Although it is another command in a growing list of them. maybe something for lua.

pjscott · on Nov 30, 2011

This is something that should probably be implemented natively, for speed. Preferably with GCC's __builtin_popcount intrinsic, if it's available.

yesbabyyes · on Nov 29, 2011

Bitmaps surely seem usable in Redis today - how can you do AND, OR, XOR on Redis bitmaps in Lua?

Also, will you create some kind of market for Redis scripts? That seems useful - even if it's just links to Github! ;)

jubos · on Nov 29, 2011

Just curious, how does the Lua runtime perform with bitmap operations?

pshc · on Nov 29, 2011

How does it compare with just using sets? Usually only a small fraction of your total userbase is online any given day, especially as dead accounts accumulate... wouldn't the bitmaps be inefficiently sparse?

seiji · on Nov 30, 2011

You can do clever things with word aligned hybrid bitmaps to heavily compress sparse bitmaps.

Though, if you are storing binary users, 700 million users take less than 90 MB of space (assuming a straight array implementation). Old days wouldn't need to be kept in memory. If you want to think beyond redis, you could keep the active data in redis then flush old data to disk for later querying.

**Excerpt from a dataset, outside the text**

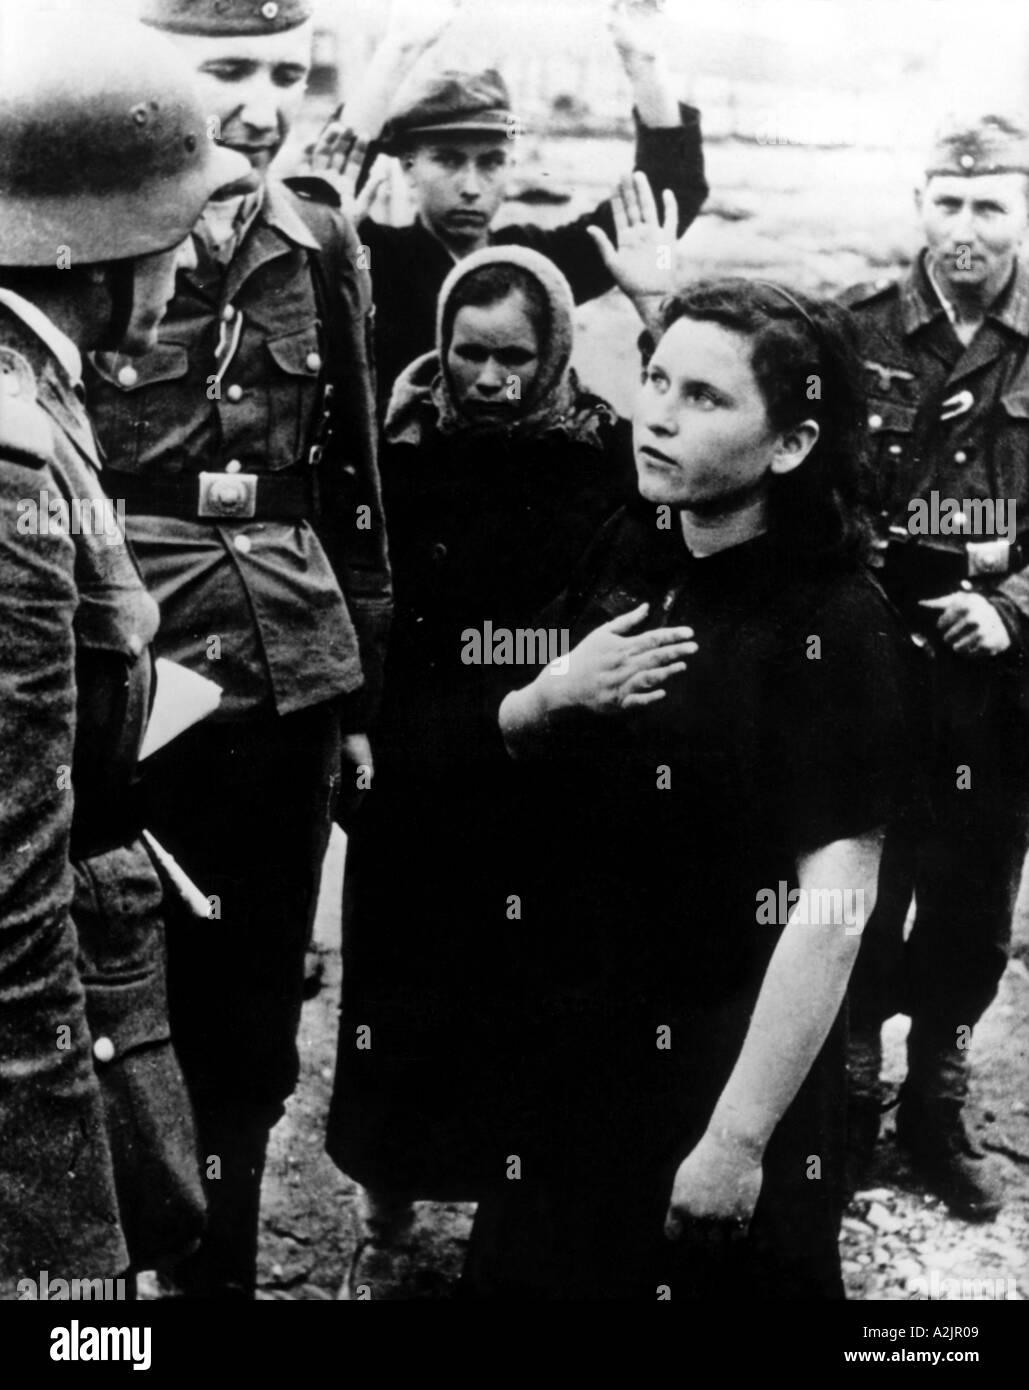 WW2 German troops question a Russian woman - Stock Image

Sounds useful if your users map to a (0, Max] integer representation. Sounds complicated if you use uuids or external vendor IDs for users anywhere (you'd need an intermediate mapping table somewhere).

rubyorchard · on Nov 29, 2011

There is certainly a tipping point between sets and bitsets. Bitsets are far more efficient for storage and for performing unions or intersections for millions of users. For example, for a typical 10% of user base active daily for mobile apps (http://www.avc.com/a_vc/2011/07/301010.html), bit sets will pay off both in storage and performance.

Obviously, each use case is different and for very sparse case, sets would be a better choice.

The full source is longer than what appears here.